However, she added “far greater” reform is needed, “so it’s disappointing that the creation of the new Support at Home Program has been delayed yet again in the budget.”

For the Combined Pensioners & Superannuants Association, the 12-month postponement of the home care reforms came as no surprise.

“The government was rightly criticised for not providing details of what it was planning for its long-time-coming Support at Home Program,” said CPSA policy manager Paul Versteege. “It now seems the detail was simply not available even to itself. It seems the government does not know how it is going to squeeze the larger CHSP [Commonwealth Home Support Program] into the corset of the much smaller HCPP [Home Care Packages Program].”

Craig Gear

The delay of the home care reforms is a disappointment, said Craig Gear – CEO of the Older Persons Advocacy Network.

“Frankly, this delay risks perpetuating the service gaps that older people are currently experiencing.
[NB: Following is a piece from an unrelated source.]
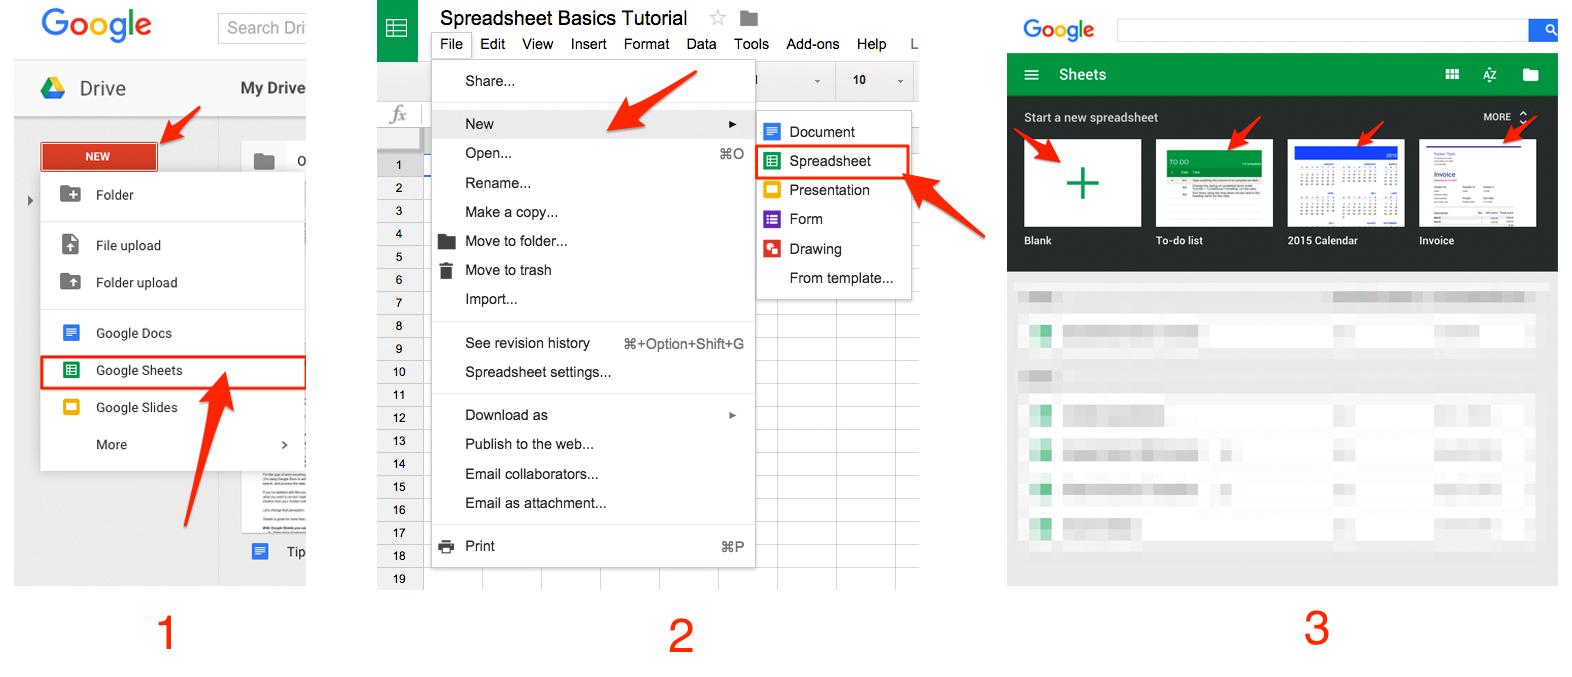 Online Spreadsheet Maker For Google Sheets 101: The Beginner's Guide To Online Spreadsheets  The

Adequate home care is what older people deserve, and they shouldn’t have to wait for it.”

On a positive note, Mr Gear welcomed funding for the development and delivery of the Aged Care Act. “We are pleased to see the continued commitment to a rights-based approach as we build towards a new Aged Care Act, and that it will contain a statement of rights.”

Mr Gear also was “heartened” to see an increased focus on First Nations people in the budget.

“We too often hear stories of how Aboriginal and Torres Strait Islander people are not able to access he same level of support as other Australians and on Country – so we truly hope this increased focus will start to address these issues.”

Mr Gear was also pleased to see funding to release an additional 9,500 Home Care Packages but, he said, “they need to be targeting the right levels of support required, in the right locations, with the right enabling workforce.”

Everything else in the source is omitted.